> [COLLECTED MATERIAL]
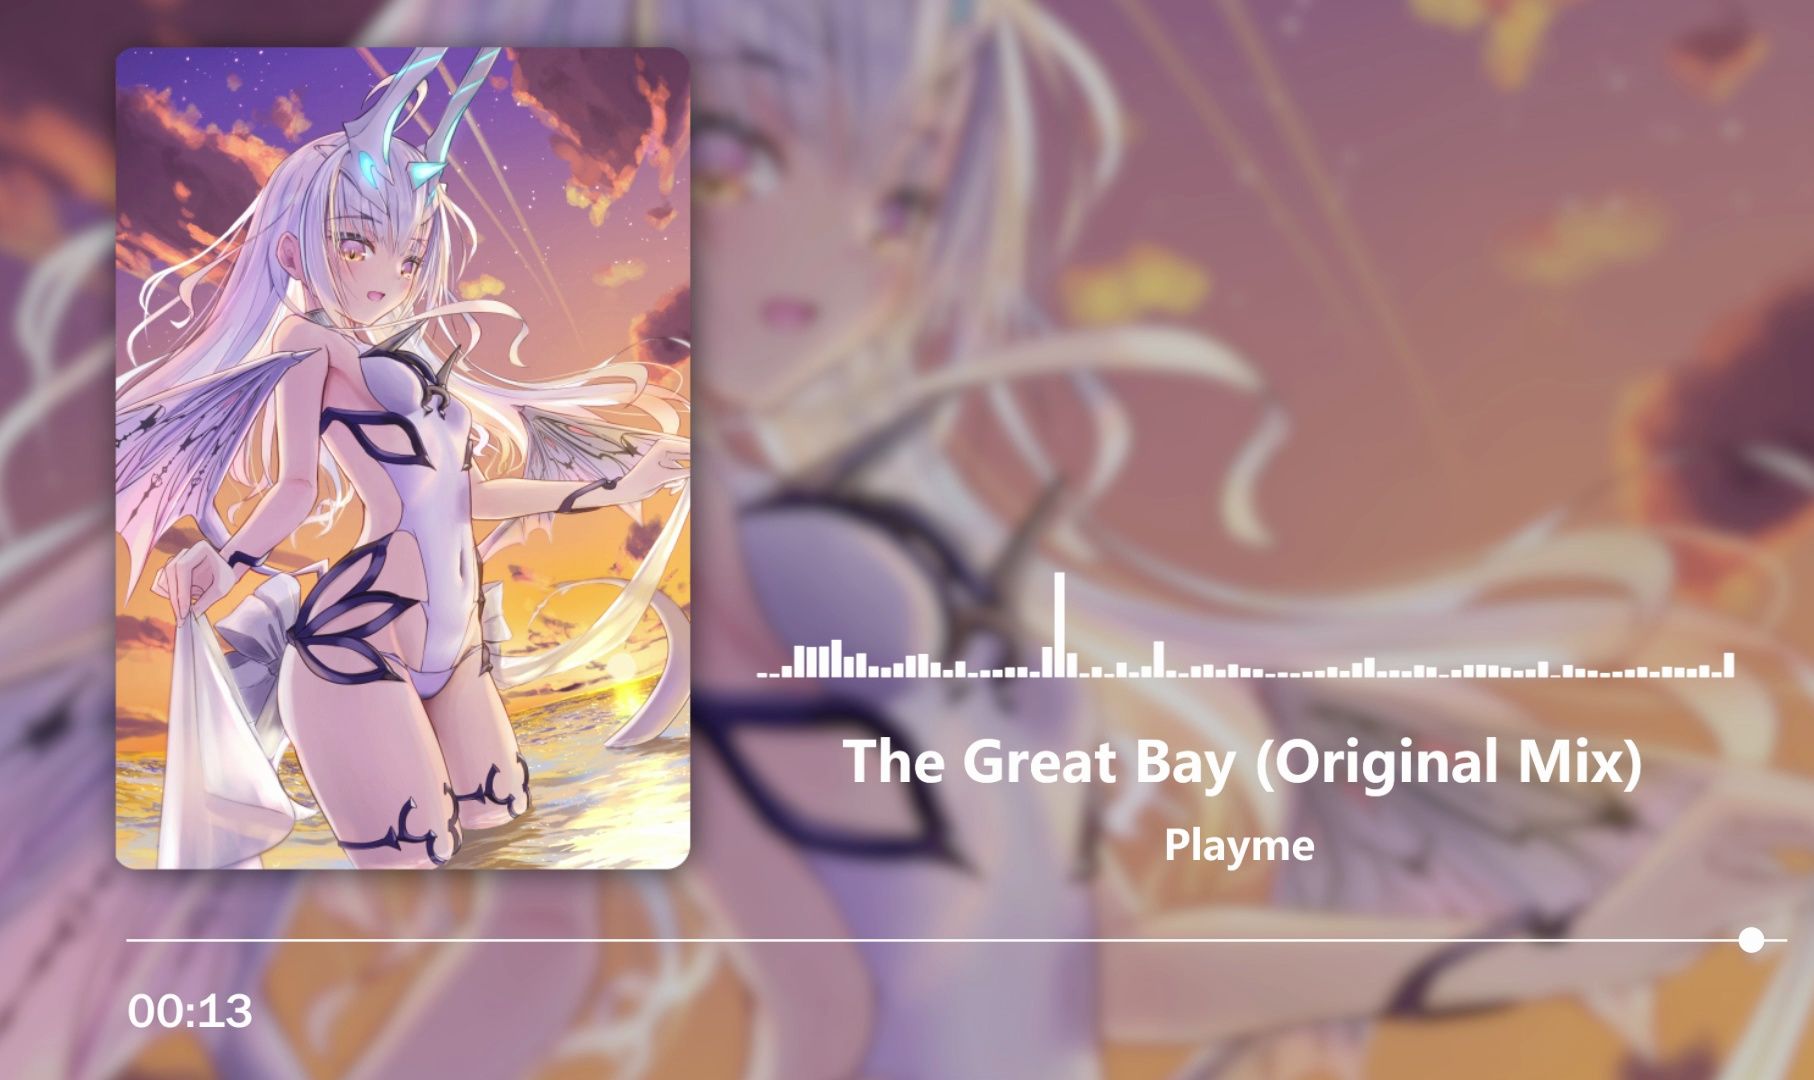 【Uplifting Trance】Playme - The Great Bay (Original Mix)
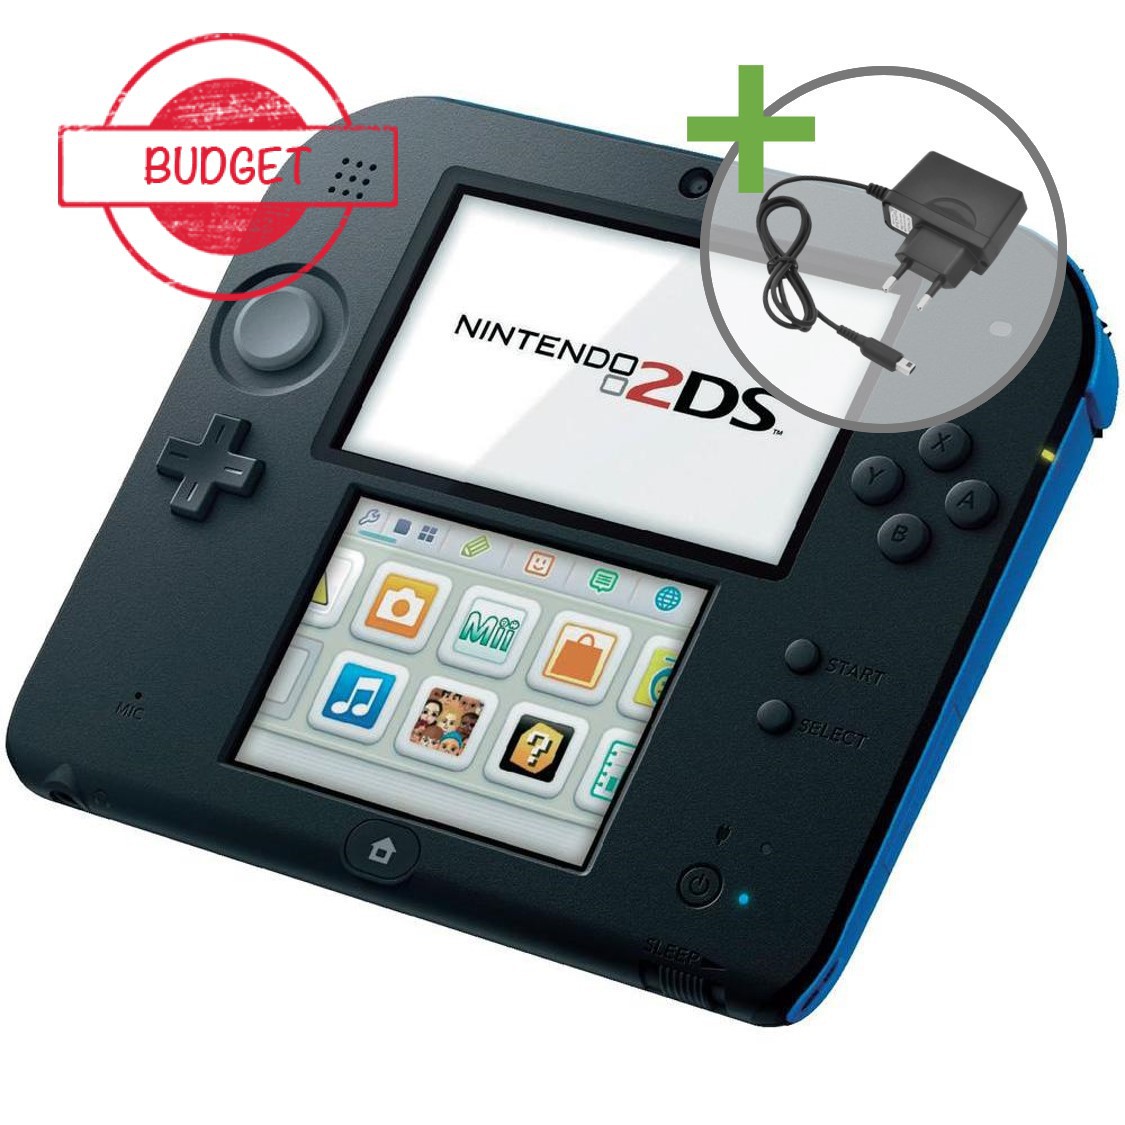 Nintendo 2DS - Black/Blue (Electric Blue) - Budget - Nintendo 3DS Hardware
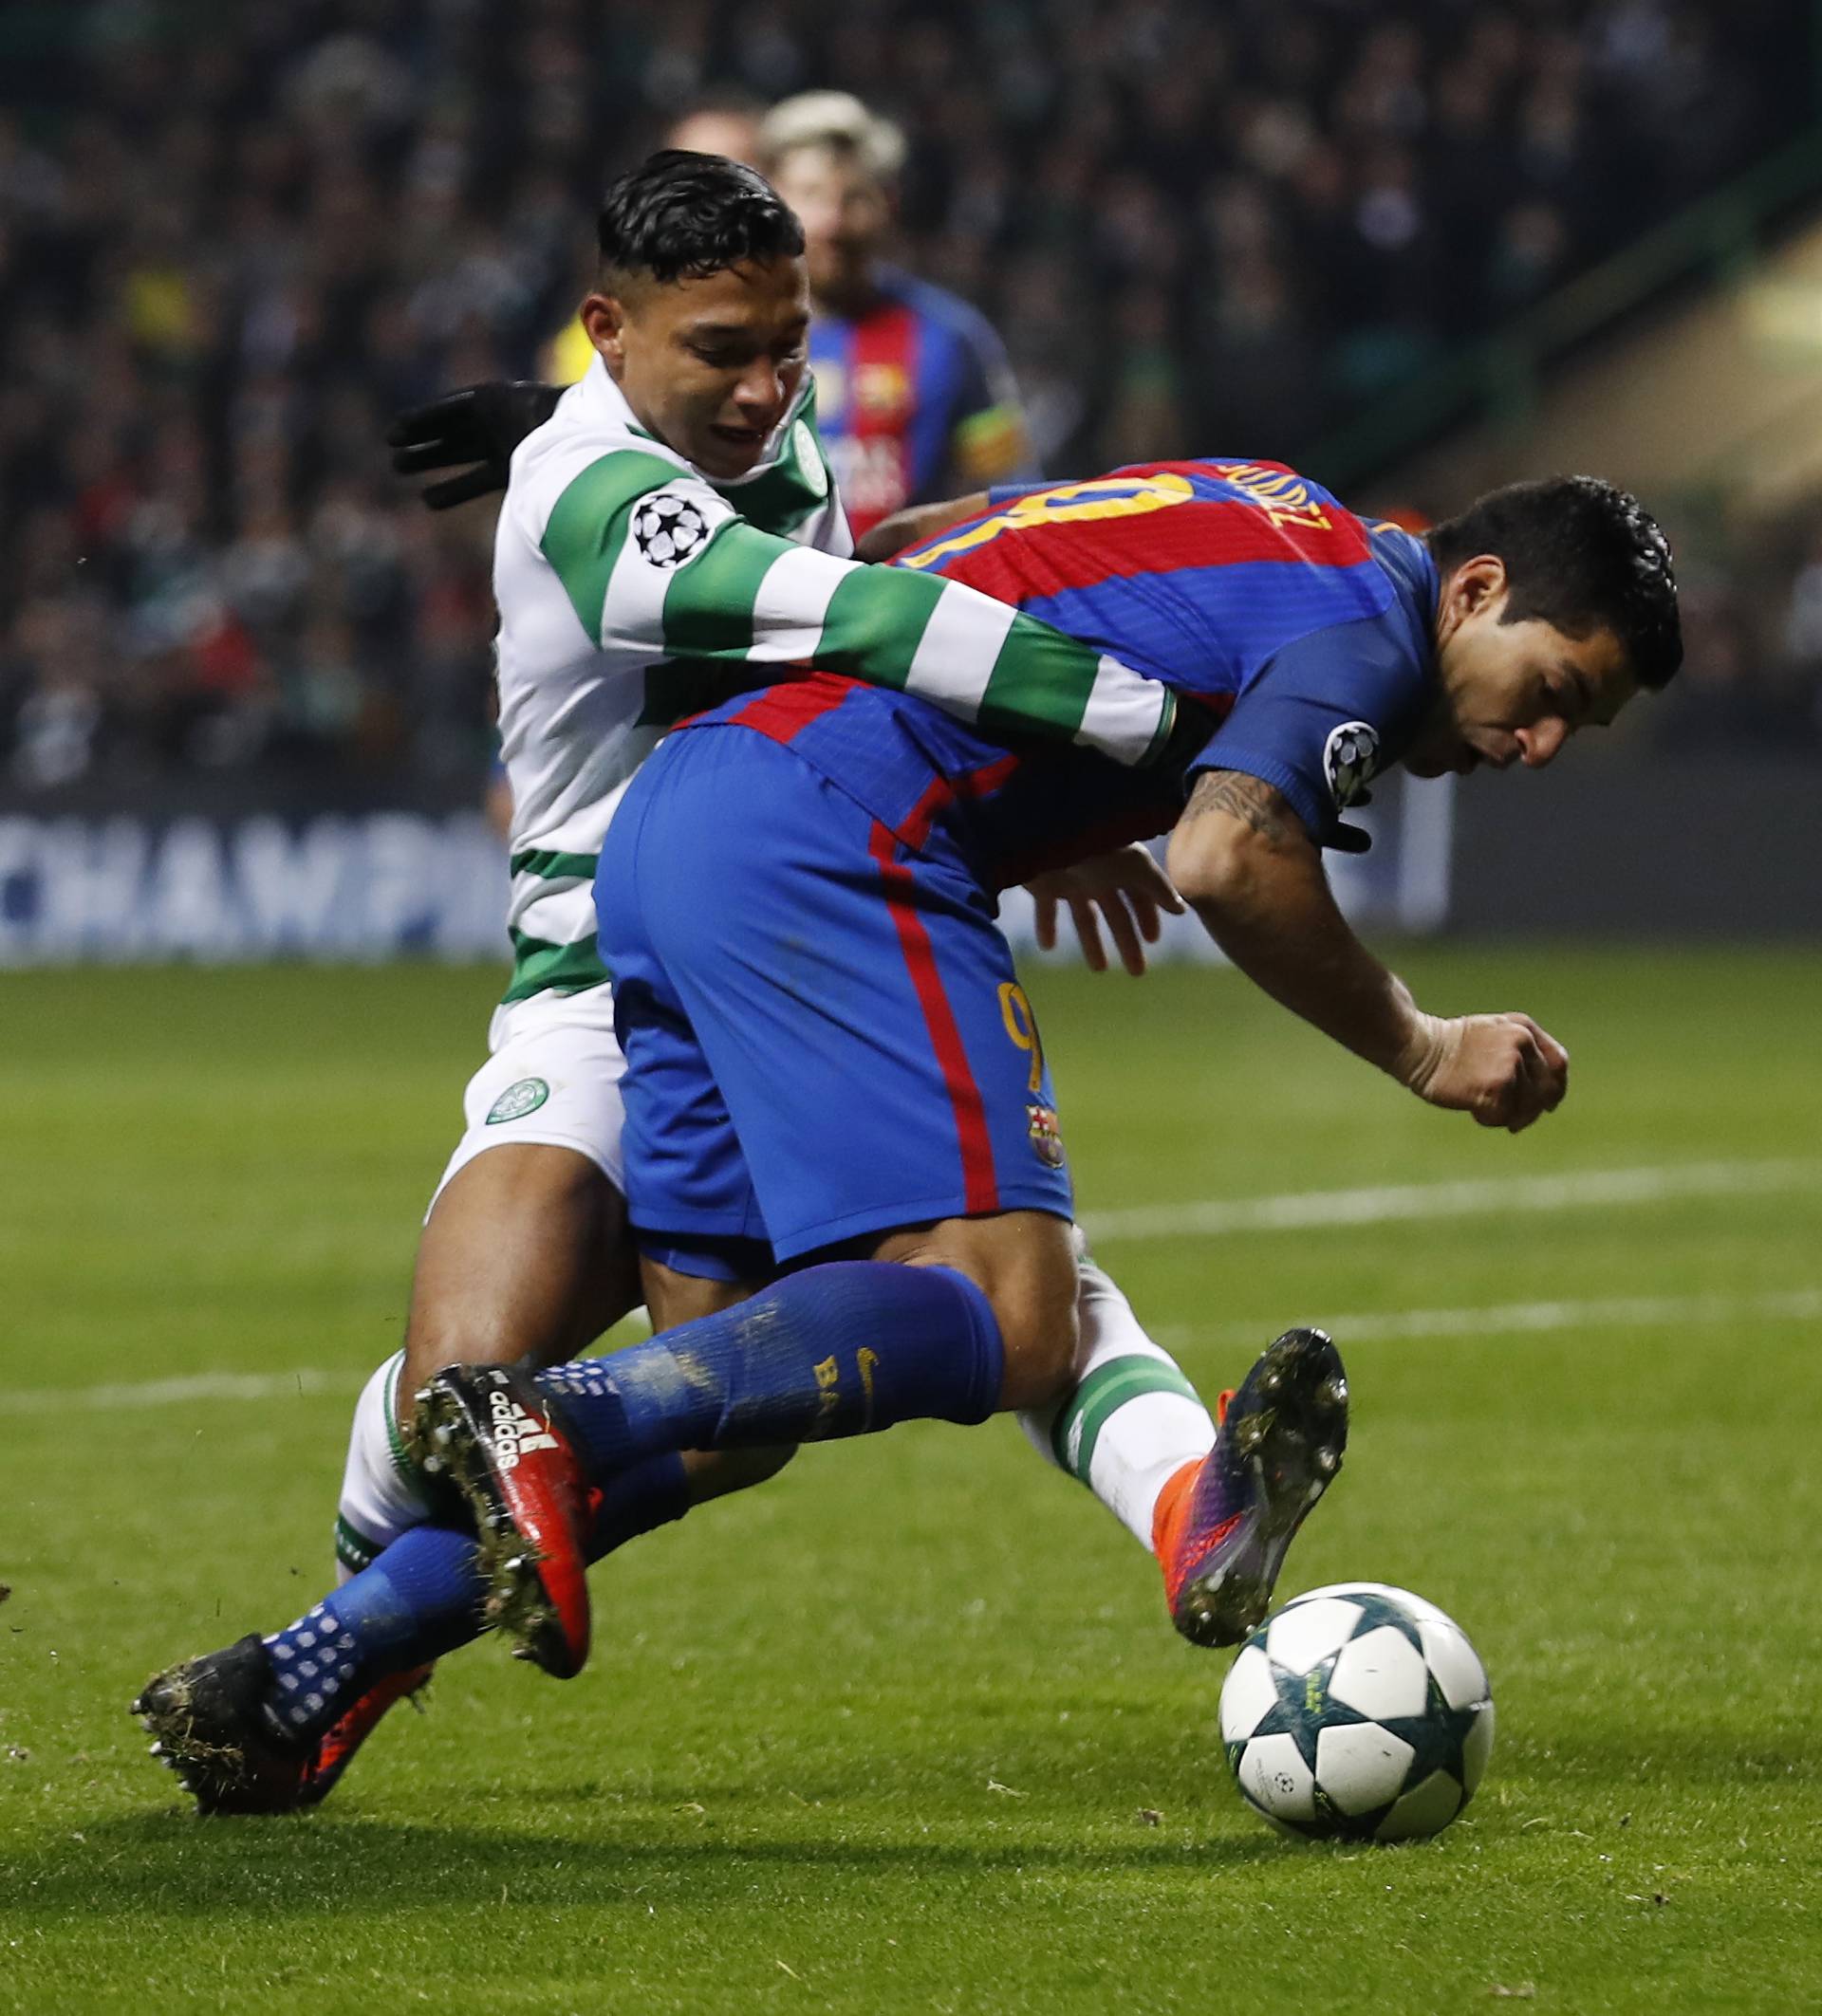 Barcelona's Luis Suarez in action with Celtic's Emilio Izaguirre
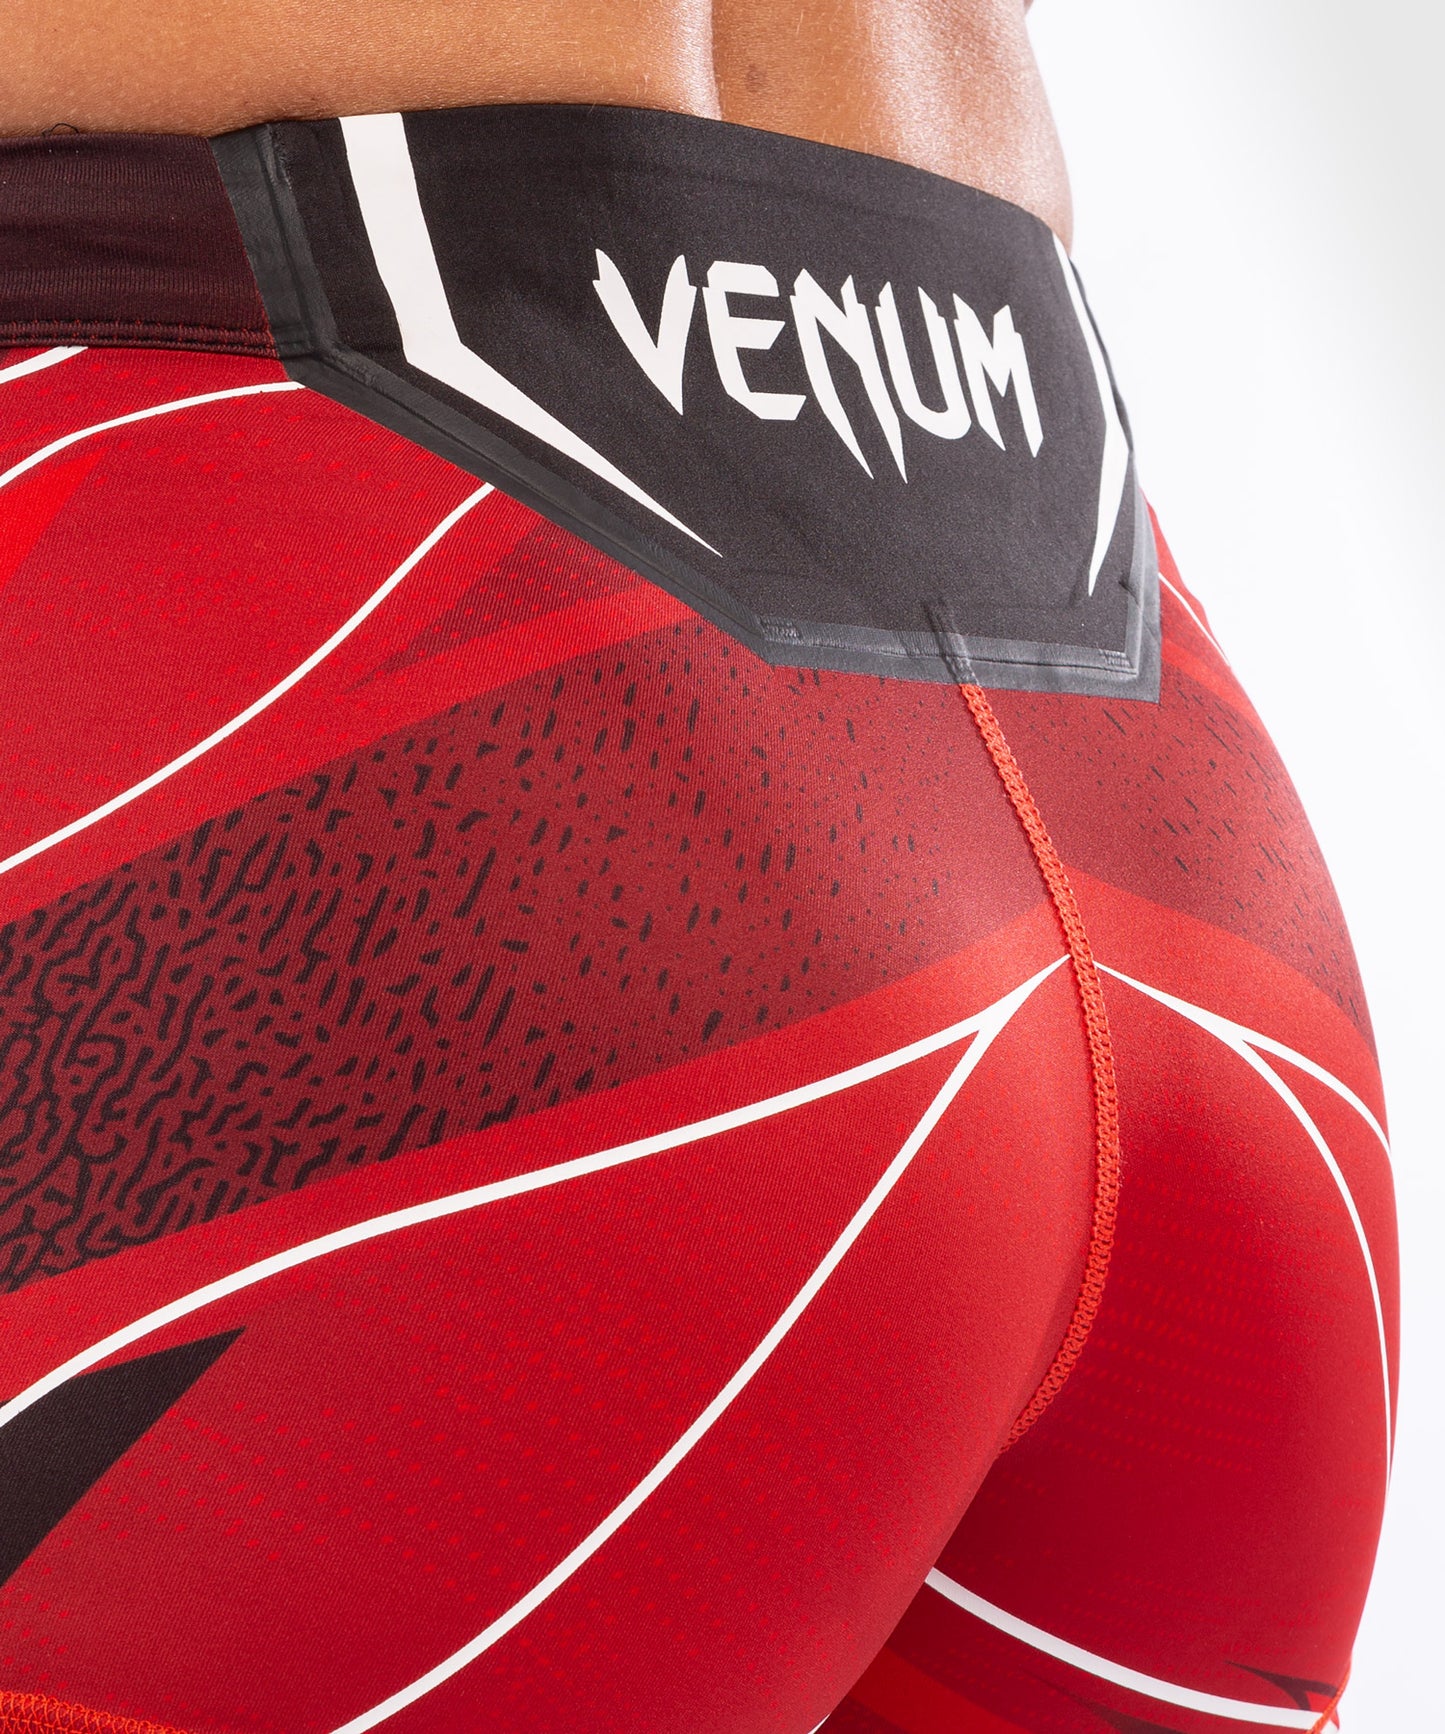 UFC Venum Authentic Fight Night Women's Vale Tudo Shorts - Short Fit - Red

> [WORK INSTRUCTION]
Your task is to repeat the listing exactly while omitting its pictures.

> [OUTPUT FOR THIS EXERCISE]
 【Uplifting Trance】Playme - The Great Bay (Original Mix)
 Nintendo 2DS - Black/Blue (Electric Blue) - Budget - Nintendo 3DS Hardware
 Barcelona's Luis Suarez in action with Celtic's Emilio Izaguirre
 UFC Venum Authentic Fight Night Women's Vale Tudo Shorts - Short Fit - Red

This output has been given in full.